The .NET 5 unification deprecated .NET Standard as the cross-runtime spec, because the unified runtime no longer needed it. Existing libraries targeting netstandard2.0 still work everywhere, including on modern .NET. New libraries should target a specific .NET version like net8.0 — or netstandard2.0 if they need to keep supporting .NET Framework consumers. Microsoft's official guidance is at learn.microsoft.com/dotnet/standard/net-standard.
People who actually shaped .NET
Original Microsoft team: Anders Hejlsberg (C# language designer, Distinguished Engineer; previously Turbo Pascal and Delphi at Borland; moved to Microsoft 1996), Patrick Dussud (CLR architect, Technical Fellow), Krzysztof Cwalina and Brad Abrams (Framework Design Guidelines; BCL conventions), Eric Lippert (C# language design and compiler), Jay Schmelzer (long-time Visual Studio leadership).
Mono / Xamarin lineage: Miguel de Icaza (Mono founder 2001, Xamarin co-founder, Distinguished Engineer at Microsoft 2016–2022), Nat Friedman (Xamarin co-founder, GitHub CEO 2018–2021), Joseph Hill (Xamarin co-founder).
Modern .NET team: Mads Torgersen (C# language design lead, current), Stephen Toub (performance lead; the public face of the annual "Performance Improvements in .NET N" mega-posts), Richard Lander (.NET runtime PM), Damian Edwards (ASP.NET Core lead, minimal APIs author), David Fowler (architect across many of the modern stacks — ASP.NET Core, Orleans, Aspire), Immo Landwerth (BCL / API surface). Public face: Scott Hanselman (long-running community-facing .NET evangelist), Scott Guthrie (Azure EVP, originally created ASP.NET in 2002).
The sibling and derived runtimes
Several runtimes branch off the main .NET tree:
- Mono — the open-source CLR started in 2001 by Miguel de Icaza. Stewarded by Microsoft 2016–2024; handed off to the Wine project in 2024 as its long-term home.
- .NET Native — the AOT-compiled UWP-only runtime; deprecated in favor of the modern native-AOT story.

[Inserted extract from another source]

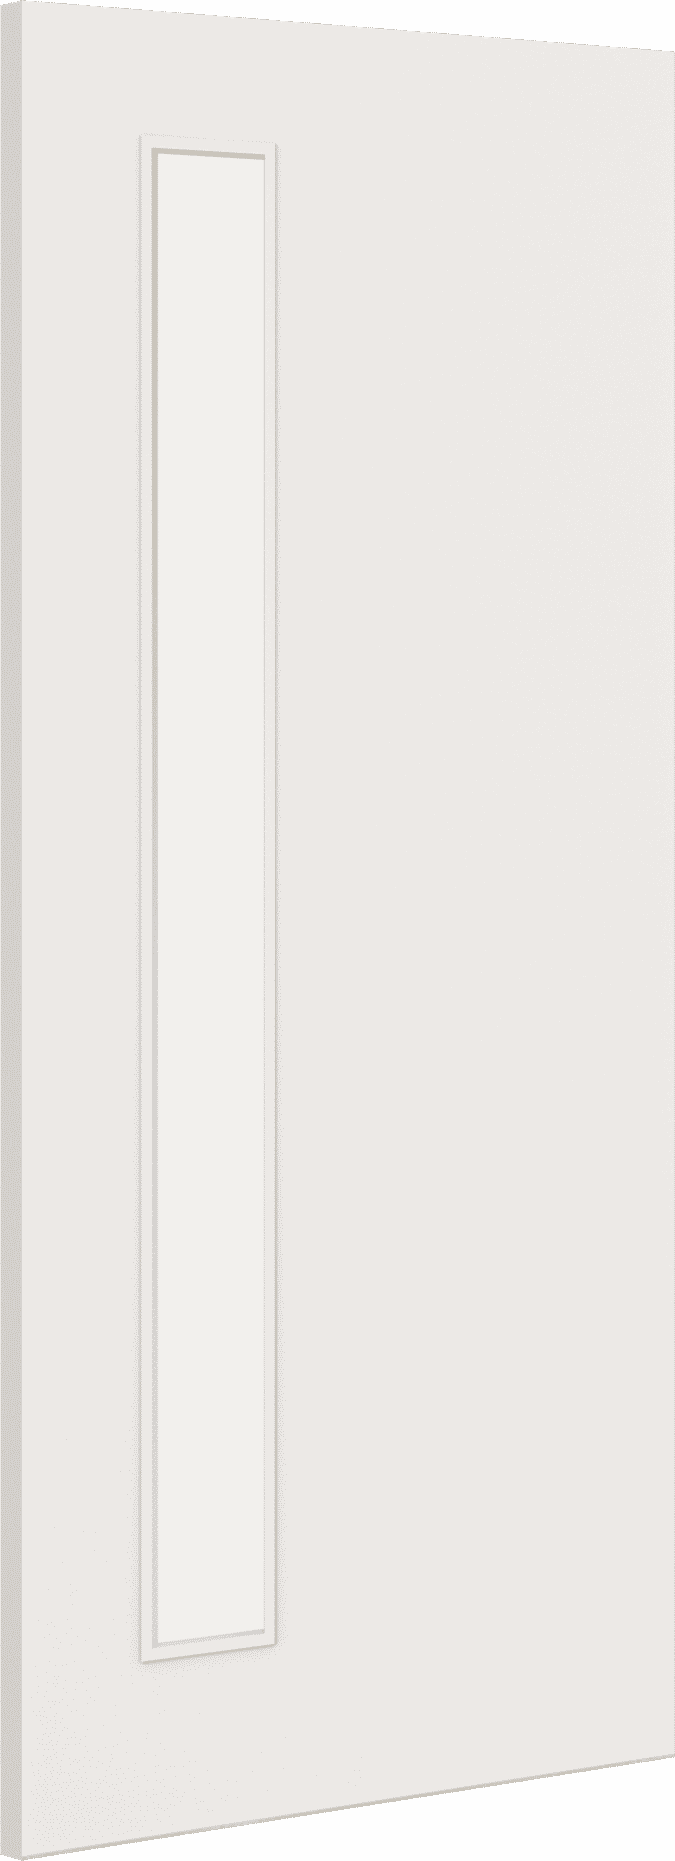 1981mm x 610mm x 44mm (24") Architectural Paint Grade White 06 Clear Glazed Fire Door Blank

- Blazor — .NET running in the browser via WebAssembly (Blazor WebAssembly) or rendered on the server with DOM diffs over SignalR (Blazor Server) or hybrid (Blazor Hybrid in MAUI).
- MAUI — .NET Multi-platform App UI; the Xamarin Forms successor for iOS / Android / macOS / Windows. Graduated in .NET 6 (2021).
- Unity scripting — the Unity game engine embeds a forked Mono runtime; Unity has been working toward a native-AOT-based future under "CoreCLR" support, but as of the table's last update most shipping Unity titles still use the Mono fork.
- dotnet/runtimelab — the public experimental sandbox for runtime-team work (Green Threads, Project Reunion-related code, and so on).